About this task
Pictures aside, print all of the data below exactly as written.

### Dataset extract

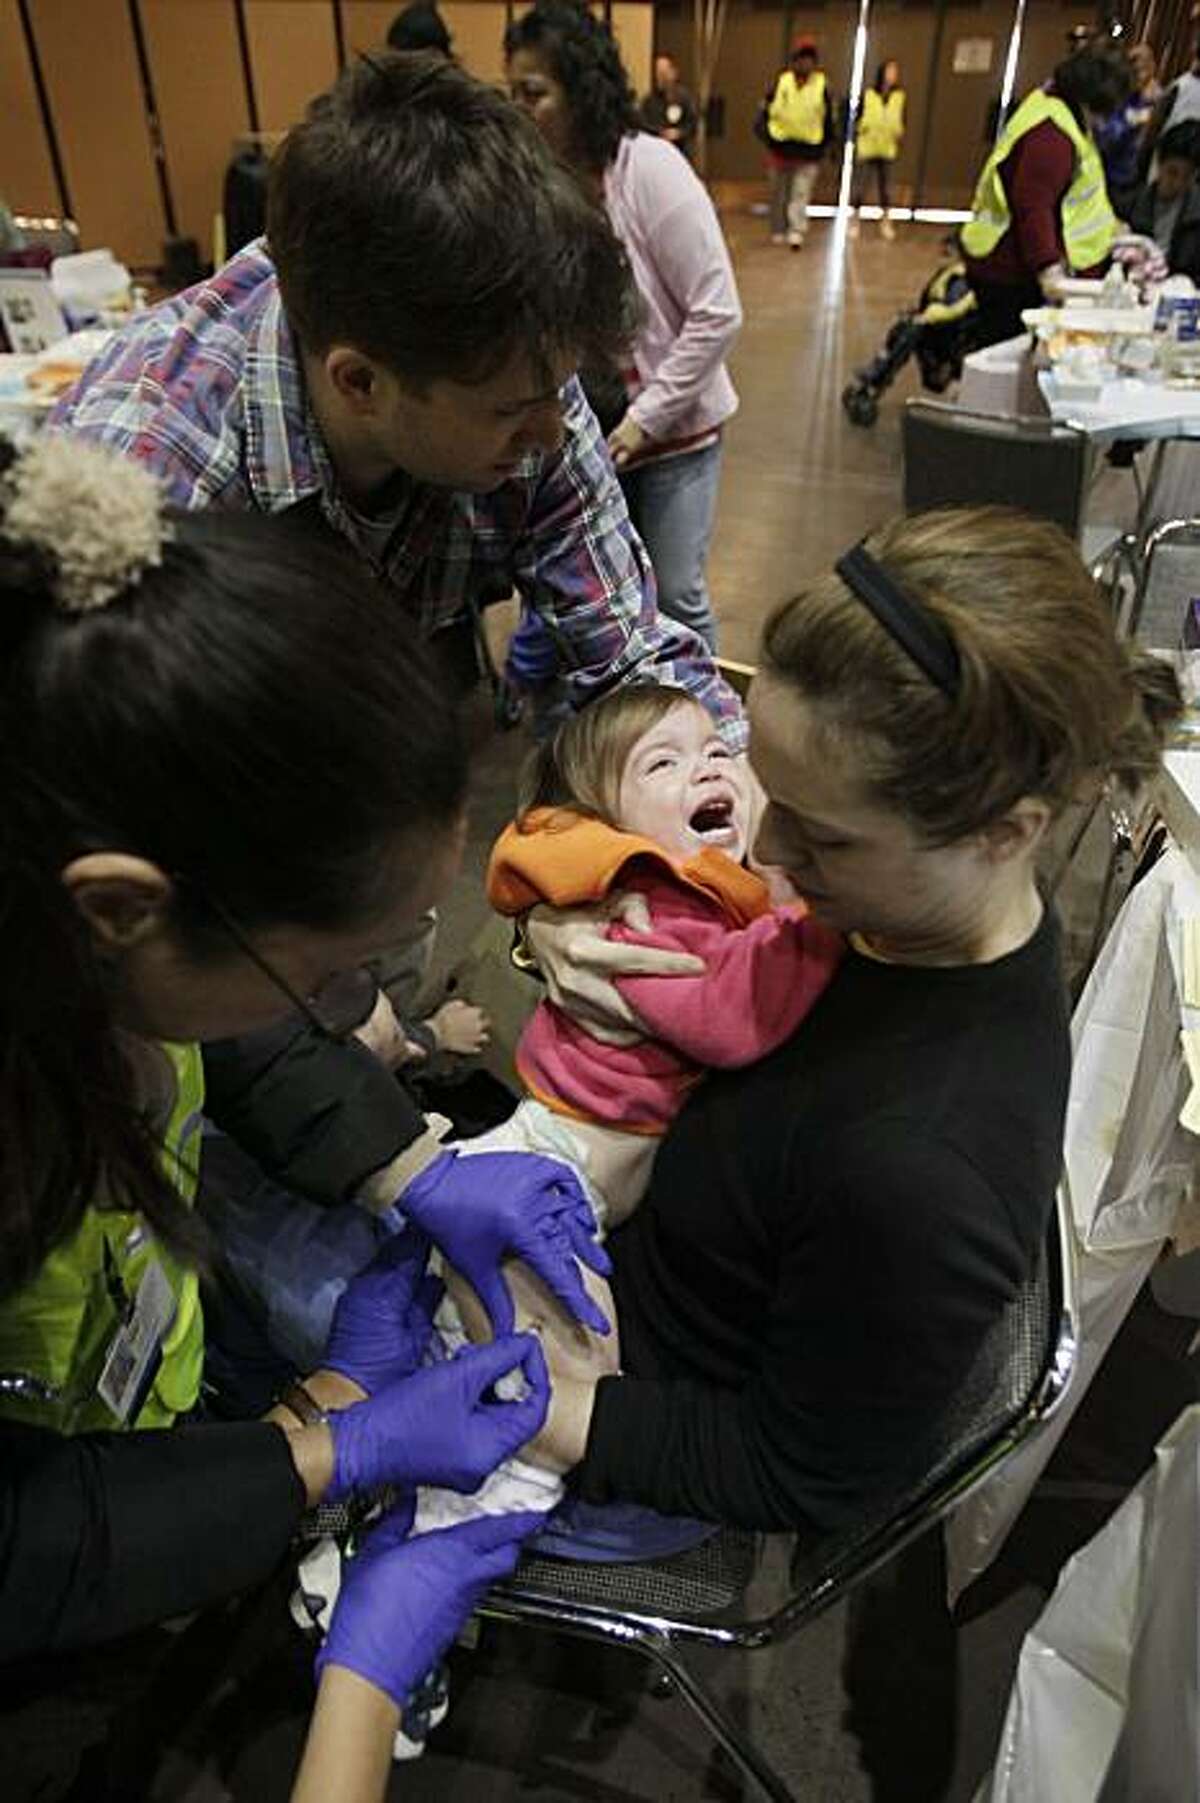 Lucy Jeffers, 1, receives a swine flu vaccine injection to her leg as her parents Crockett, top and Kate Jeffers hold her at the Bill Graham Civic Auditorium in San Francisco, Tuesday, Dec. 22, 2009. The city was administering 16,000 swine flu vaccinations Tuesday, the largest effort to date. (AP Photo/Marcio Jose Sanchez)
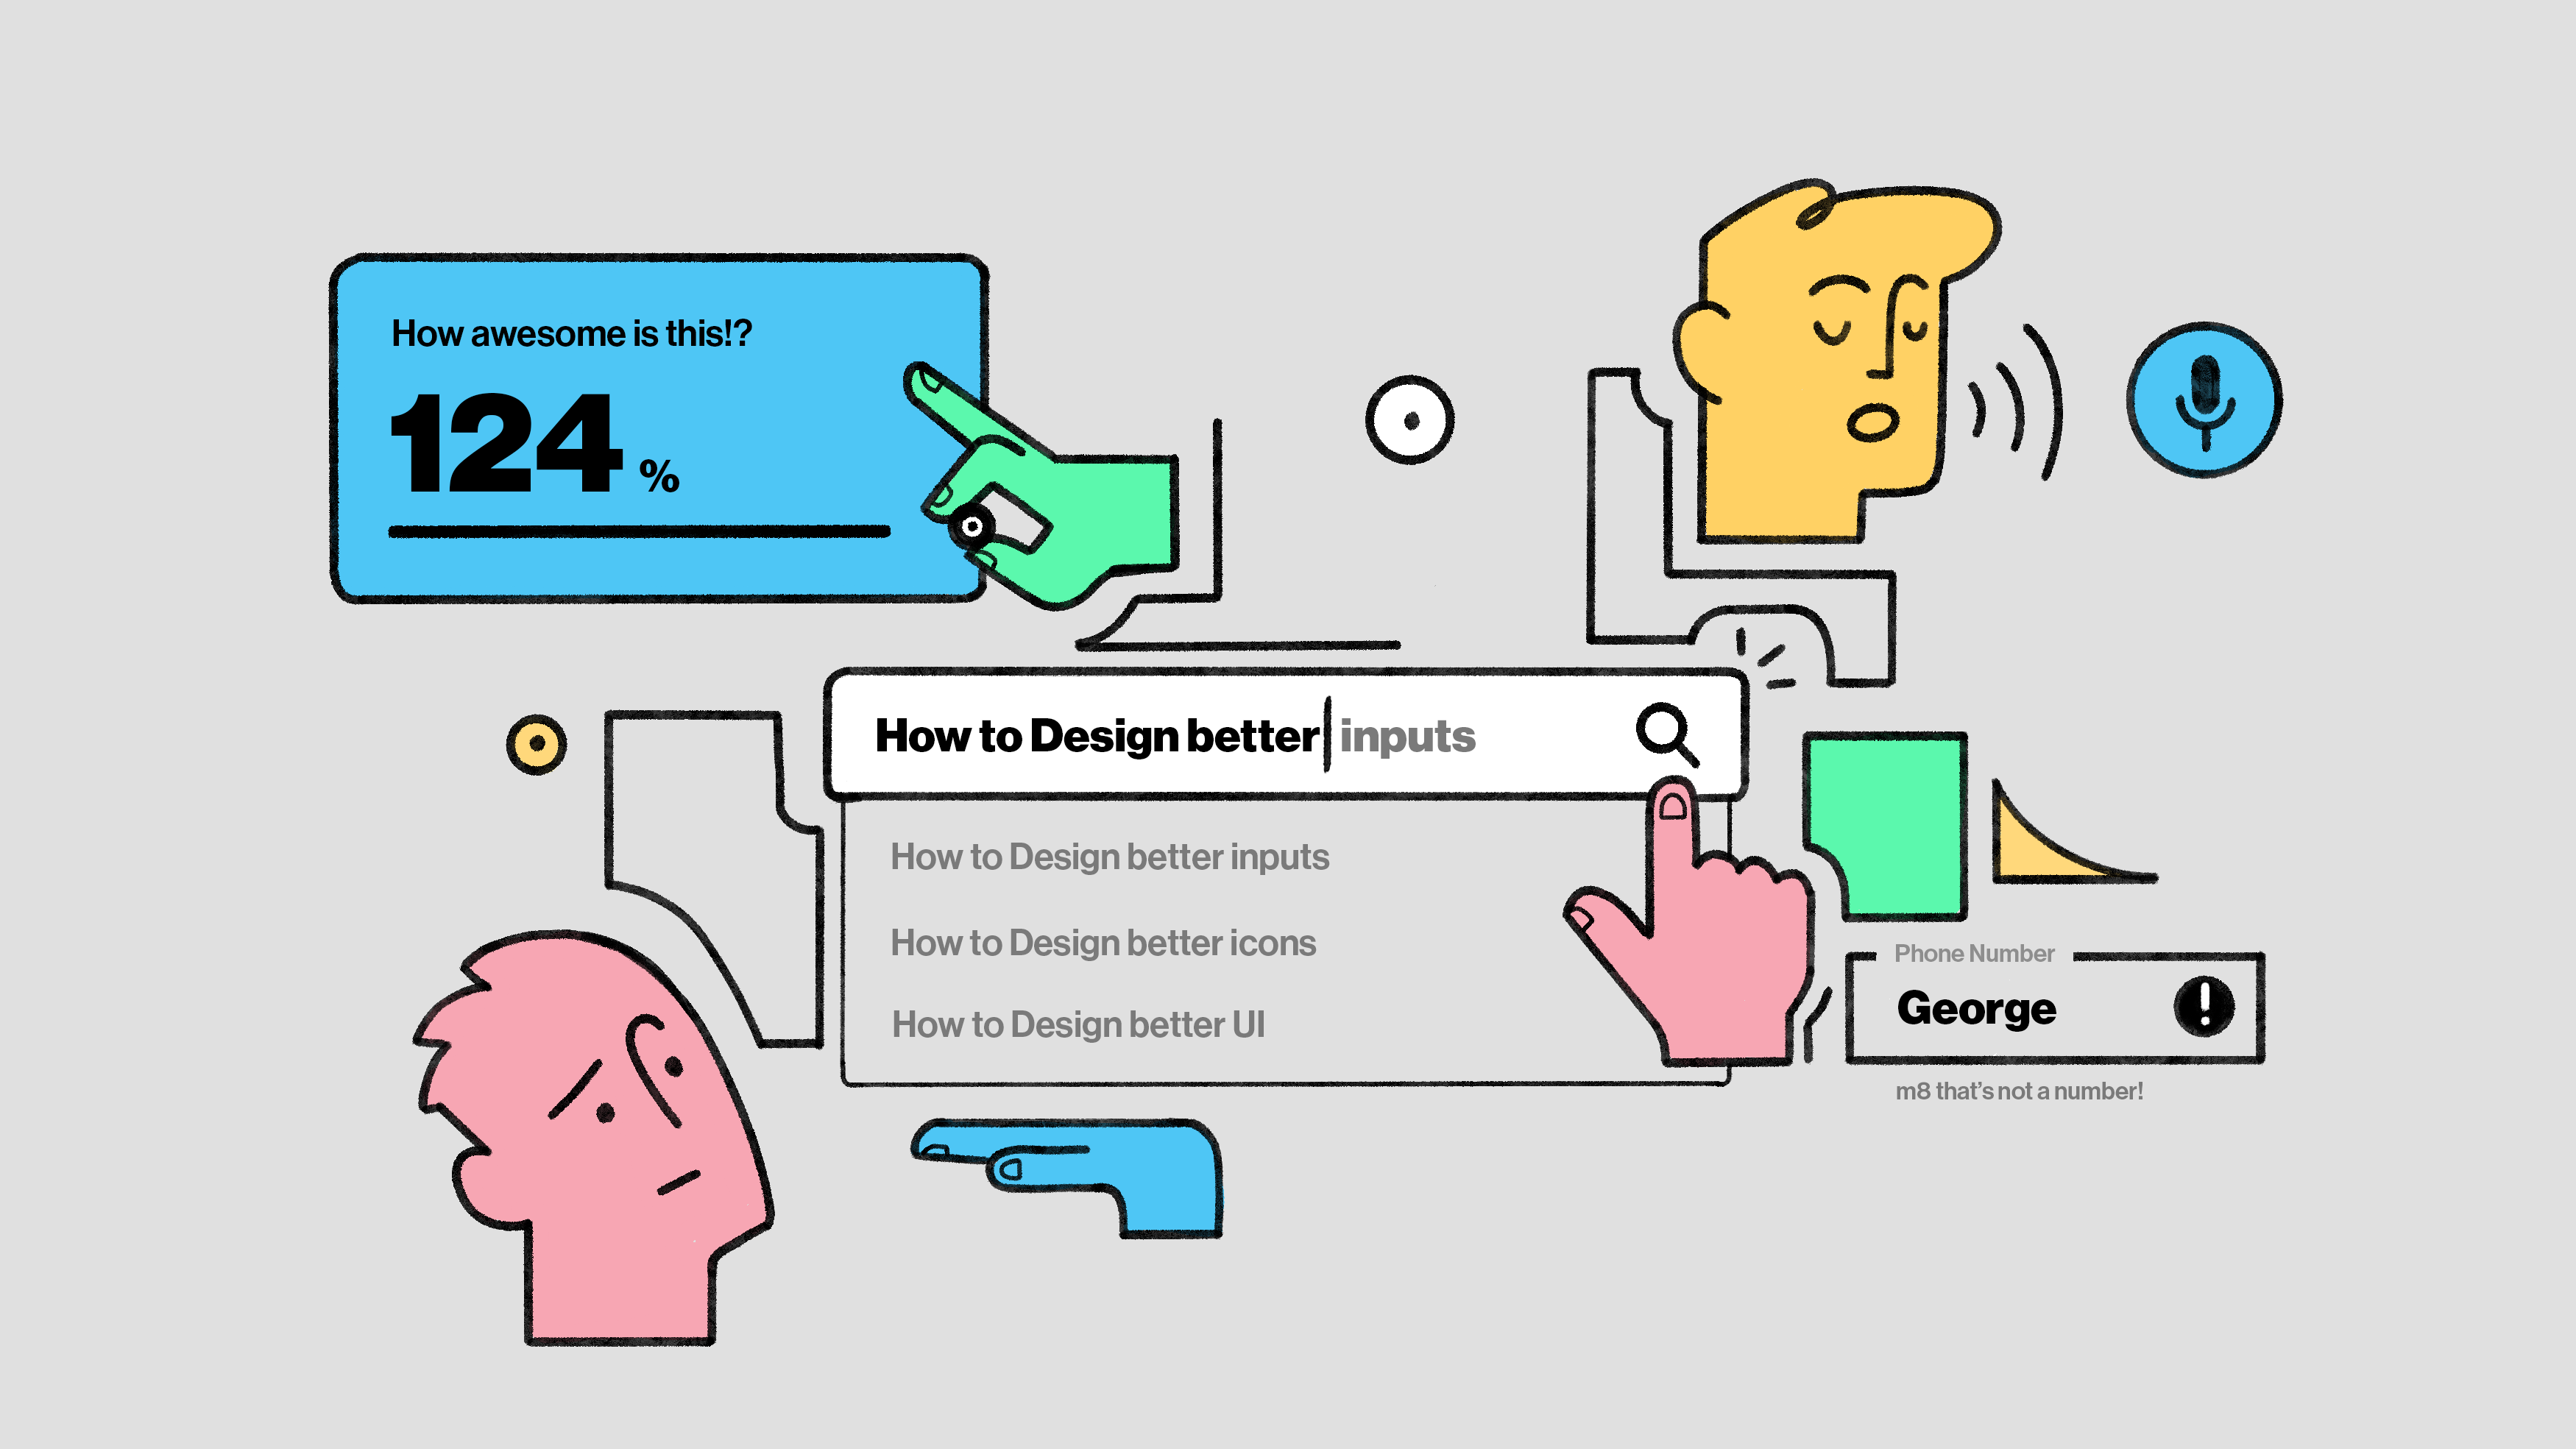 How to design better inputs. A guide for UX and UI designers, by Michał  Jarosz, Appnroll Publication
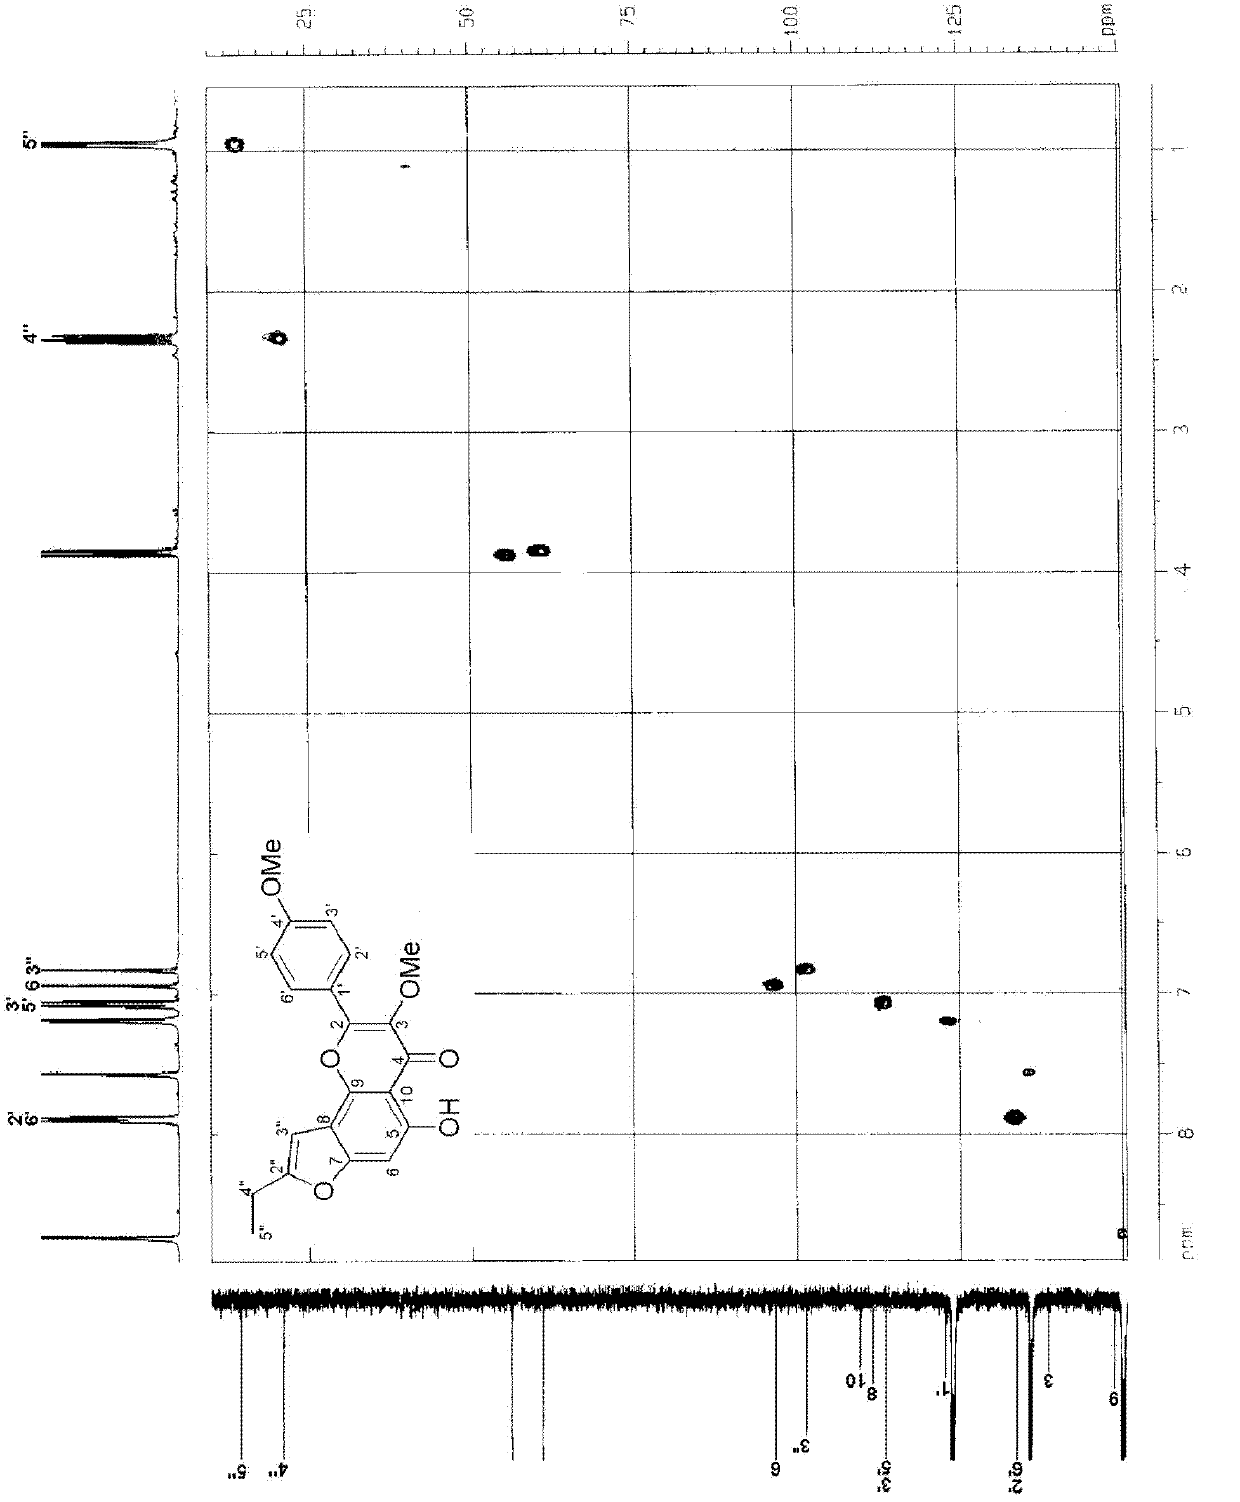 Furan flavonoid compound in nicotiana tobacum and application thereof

######

Problem solution
 Lucy Jeffers, 1, receives a swine flu vaccine injection to her leg as her parents Crockett, top and Kate Jeffers hold her at the Bill Graham Civic Auditorium in San Francisco, Tuesday, Dec. 22, 2009. The city was administering 16,000 swine flu vaccinations Tuesday, the largest effort to date. (AP Photo/Marcio Jose Sanchez)
 How to design better inputs. A guide for UX and UI designers, by Michał  Jarosz, Appnroll Publication
 Furan flavonoid compound in nicotiana tobacum and application thereof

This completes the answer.